Wireless Suite is a collection of problems in wireless telecommunications.
Comparing research results in telecoms remains a challenge due to the lack of standard problem implementations against which to benchmark. To solve this, Wireless Suite implements some well-known problems, built as Open-AI Gym compatible classes. These are intended to establish performance benchmarks, stimulate reproducible research and foster quantitative comparison of algorithms for telecommunication problems.
The code has been tested to work on Python 3.7 under Windows 10.
-
Get the code:
git clone https://github.com/nokia/wireless-suite.git
-
Use
pip
to install the package:pip install --upgrade pip pip install .
-
Modify the script scripts/launch_agent.py to execute an environment of your choosing and obtain performance results.
This environment simulates a OFDM resource allocation task, where a limited number of frequency resources are to be allocated to a large number of User Equipments (UEs) over time. An agent interacting with this environment plays the role of the MAC scheduler. On each time step, the agent must allocate one frequency resource to one of a large number of UEs. The agent gets rewarded for these resource allocation decisions. The reward increases with the number of UEs, whose traffic requirements are satisfied. The traffic requirements for each UE are expressed in terms of their Guaranteed Bit Rate (if any) and their Packet Delay Budget (PDP).
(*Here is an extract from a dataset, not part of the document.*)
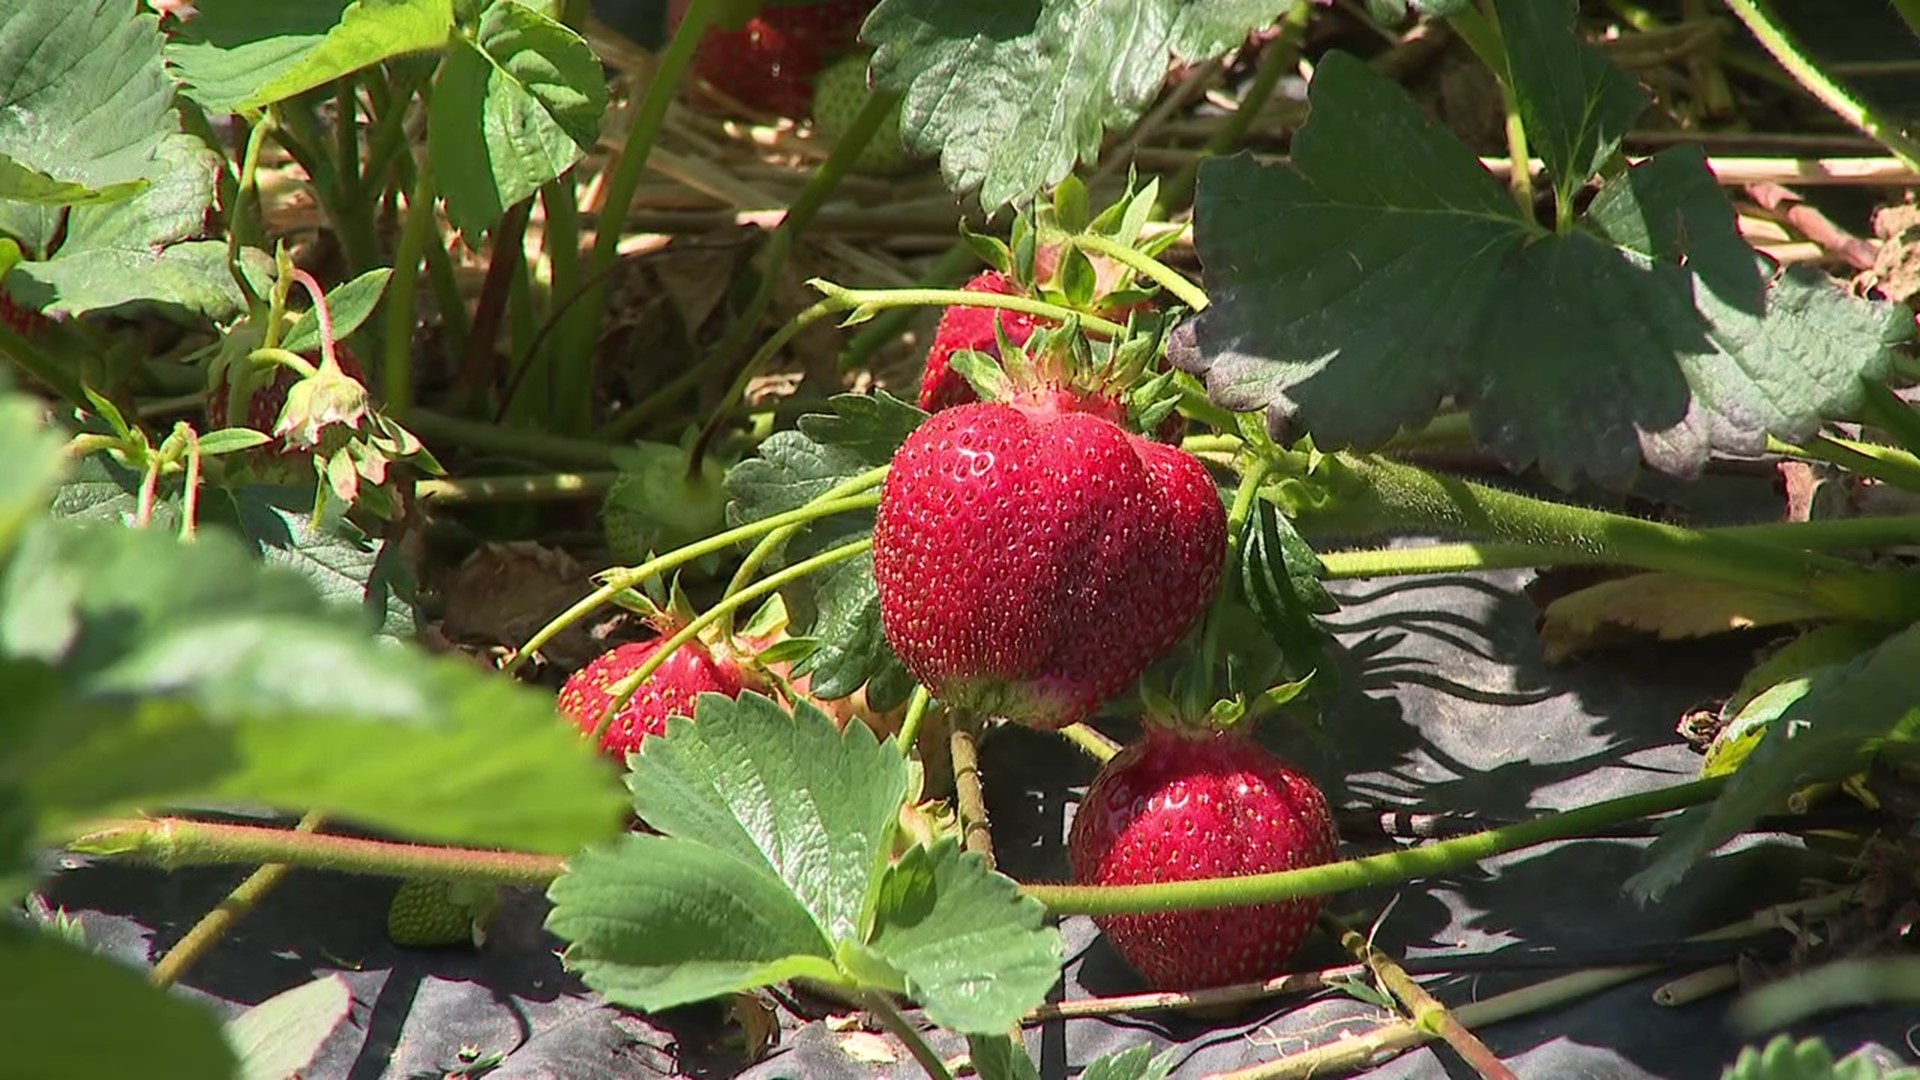 This month's late-season freeze damaged a lot of farmer's crops, including many strawberries.

You are invited to develop a new agent that interacts with this environment and takes effective resource allocation decisions. Four sample agents are provided for reference in the wireless/agents folder. The performance obtained by the default agents on the default environment configuration is:
- Random -69590
- Round Robin -69638
- Round Robin IfTraffic -3284
- Proportional Fair -9595
Note that the above average rewards are negative values. The best performing agent is thus the Round Robin IfTraffic.
Additional details about this problem are provided in document wireless/doc/TimeFreqResourceAllocation-v0.pdf
The script wireless/scripts/launch_agent.py runs 16 episodes with a maximum of 65536 time steps each, and collects the reward obtained by the agent on each time step. The result is calculated as the average reward obtained in all time steps on all episodes.
There are two main ways of contributing to Wireless Suite:
-
Implementing new problems: The first version of Wireless Suite contains only one problem implementation. New problems can be easily added as simple variations of the first one (e.g. by changing its parameters), or by introducing fully new problem implementations (e.g. Adaptive Modulation and Coding, Open Loop Power Control, Handover optimization, etc).
-
Implementing new agents: Ideally, new agent contributions shall perform better than the default ones.